Christian Constantin pourrait toujours changer d’entraîneur, mais il devrait s’abstenir de virer le malheureux Marco Walker. Même s’il n’a rien apporté lors des trois matches qu’il a dirigés depuis la touche, le nouveau coach du FC Sion n’est pour rien dans cette débandade.

A Tourbillon, on pourrait aussi se résoudre à changer de système – à considérer qu’il y en ait déjà un d’identifiable (à jeter). Mais comme ce n’est pas le cas, mieux vaut abandonner cette piste.

On pourrait aussi se décider à changer d’équipe et/ou d’état d’esprit mais cela paraît fort compliqué et ma foi surtout peu réaliste.

Mais il est une chose, prioritaire à nos yeux, que l’on pourrait aisément changer, c’est cet horrible accoutrement militaire.

Des guerriers de pacotille

Franchement, c’est quoi ce déguisement, fréquemment sorti en déplacement? On «joue» au football en enfilant de vrais maillots de foot, pas en se donnant des airs de guerriers de pacotille. Un esprit commando se construit sur la durée, il ne se décrète pas avec des artifices.

Revêtir un maillot treillis de camouflage n’exalte en rien les prétendues valeurs de discipline et de solidarité que l’on se plait à dépeindre habituellement dans le gris-vert. Dans le cas du FC Sion, cela aurait plutôt tendance à les cacher.

L’histoire d’un club, son identité de cœur, ce sont d’abord des couleurs éternelles, en l’occurrence le rouge et le blanc, qu’il s’agit de respecter et non pas de bafouer comme les «bidasses» de Tourbillon l’ont fait dimanche à Vaduz.

Changer de maillot - à savoir abandonner ces tuniques ridicules - n’apportera bien sûr aucun point sur le front de la lutte pour le maintien. Mais cela permettra peut-être au FC Sion de retrouver ce qu’il devrait être: un club qui possède une âme. A considérer ce qu’il montre en 2021, on peut certes douter qu’elle existe toujours.

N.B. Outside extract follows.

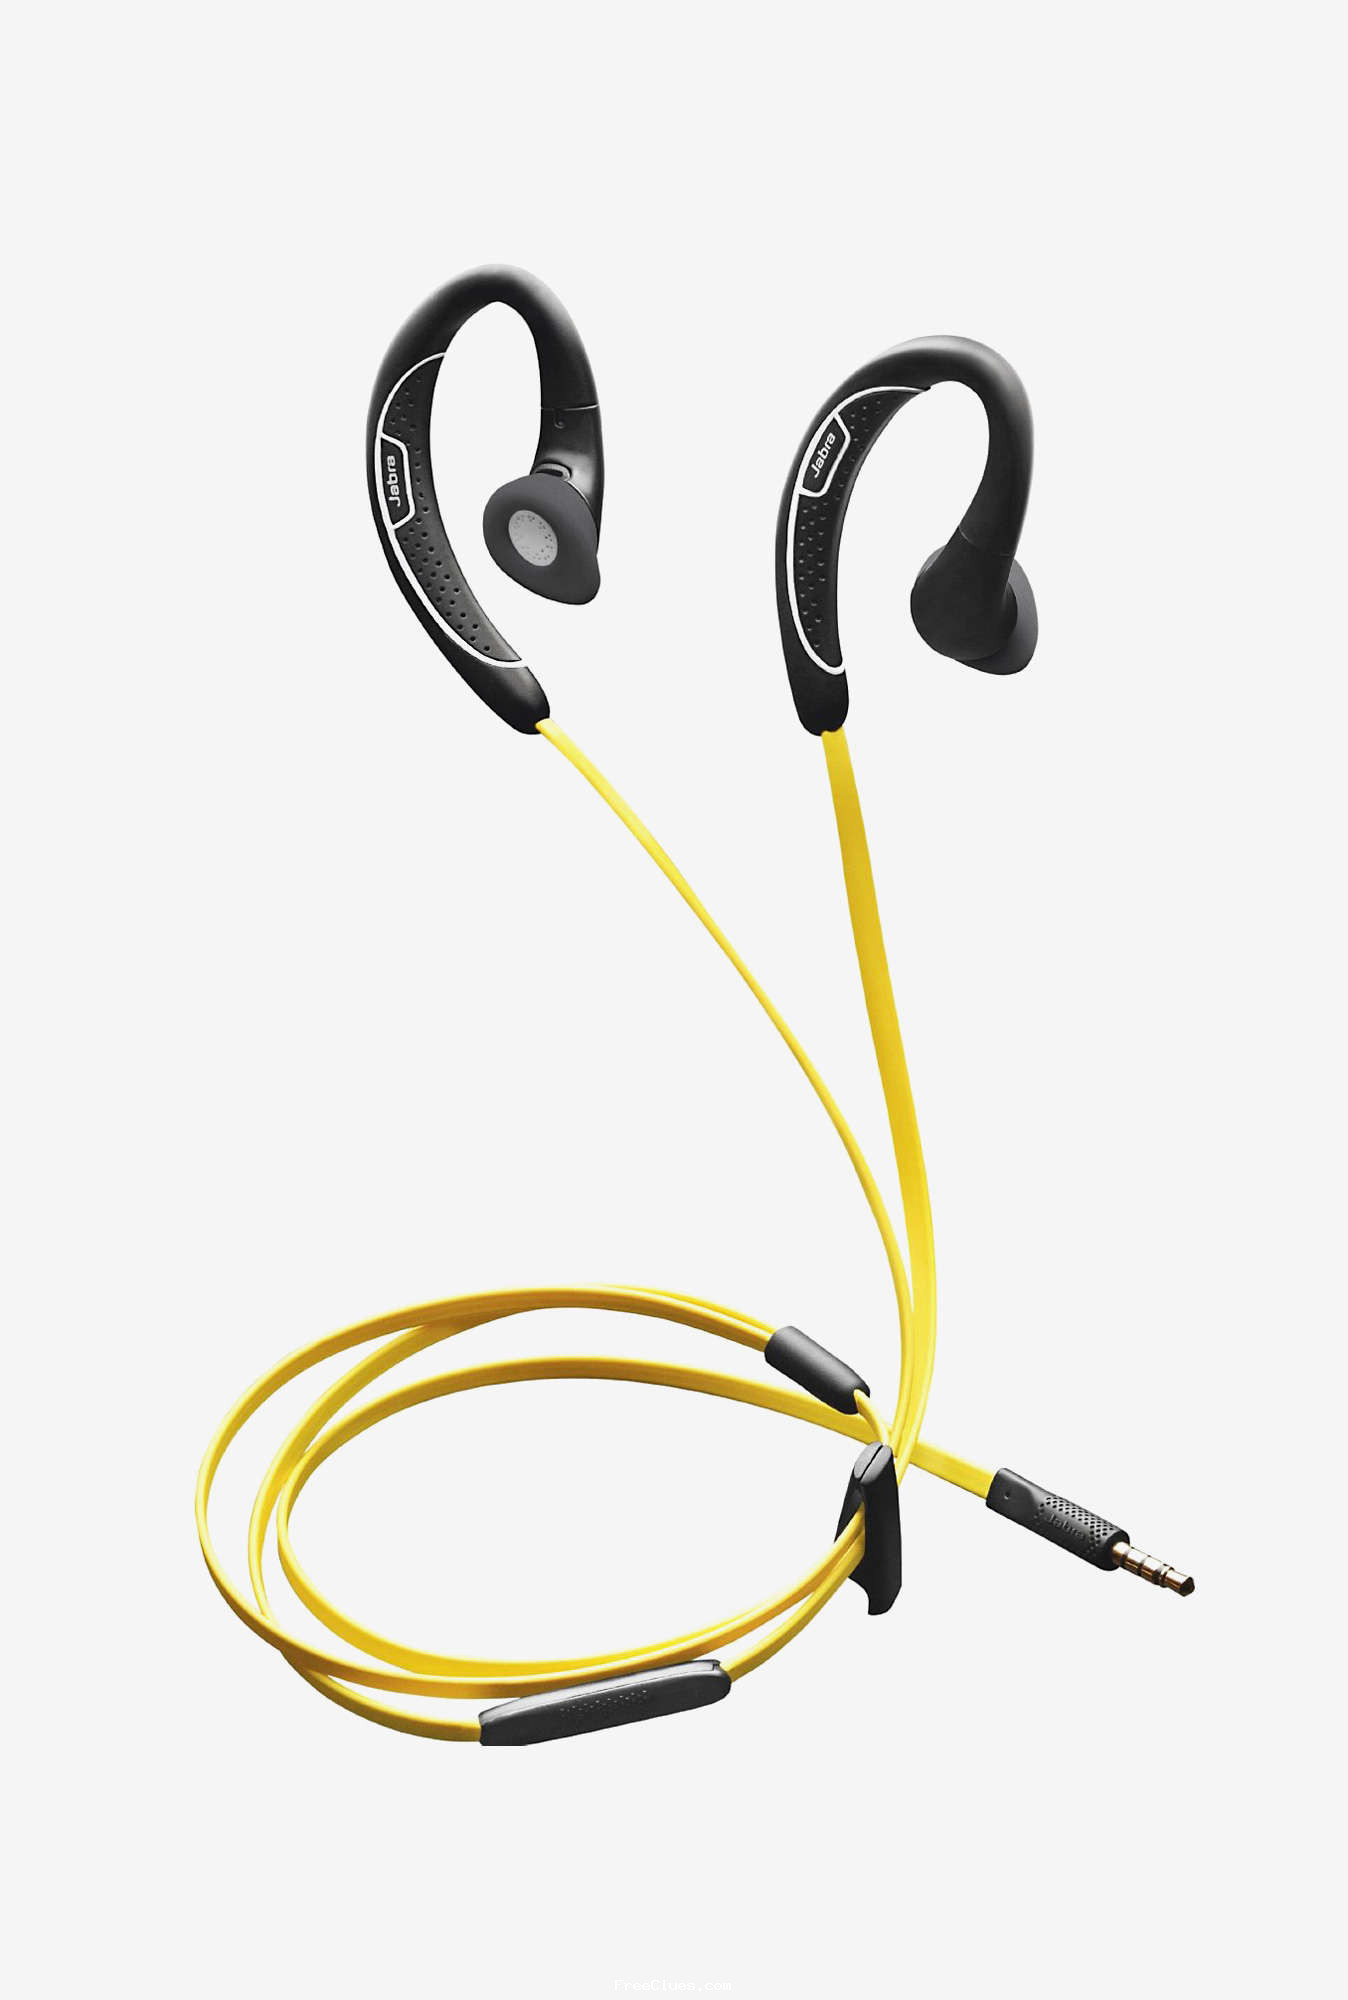 tatacliq Jabra Sport Corded Stereo Headset (Yellow/Black)

Ses joueurs ont le devoir de se montrer dignes de l’histoire du FC Sion. Enfiler des tenues de camouflage pour jouer - à la perfection - les hommes invisibles revient aujourd’hui à salir l’image des «rouge et blanc» en se détachant de la réalité historique.

En retrouvant ses couleurs naturelles, l’équipe valaisanne démontrerait quelle n’est pas encore tout à fait «morte», comme l’a affirmé sans filtre son capitaine Kevin Fickentscher. Et qu’elle peut encore ressusciter.